The fact is they dump stated to get a better Dex, Con or whatever and will as a direct result enjoy rolling with the consequent extra bonus continually through the game/campaign. If they had dump stated Dex - then I would not have allowed them to roleplay being graceful either, or a 7 Str character as strong - so I don't for Int or Cha.

They do not have to play 'dumb as a post' or 'trips over their tongue when they talk' characters, but I will be damned if they don't roleplay appropriate limitations at all. That is very poor roleplay, and poor gamesmanship, and I don't let it slide at my table as GM.

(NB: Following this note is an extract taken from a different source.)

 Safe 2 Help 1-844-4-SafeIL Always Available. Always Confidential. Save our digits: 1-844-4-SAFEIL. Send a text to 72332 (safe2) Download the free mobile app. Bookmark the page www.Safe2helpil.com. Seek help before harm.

In ensuring nobody roleplays anything insulting or inappropriate, don't forget that the word 'roleplay' comes before the word 'game' and nobody forces anyone, ever, to dump stat...
It's funny how tradition bound D&D is.

The idea that there's a gap between the rules as they actually work and influence the game, and the traditional interpretation of what ability scores mean., and that this gap gives scope for alternative interpretations...just does not compute! It's either done the one way or it's "bad" role-playing.

I'm curious about whether people also complain about the art or mini's players choose to represent their Strength 20 Fighter. "It doesn't have enough muscles for the strongest woman in the world. Go back and find something bigger and bulkier."

I'd imagine for consistency's sake the same people wouldn't allow anything to be reskinned either. Whatever fluff text is in the official write-up is what you have to play. Anything else is "bad" role-playing.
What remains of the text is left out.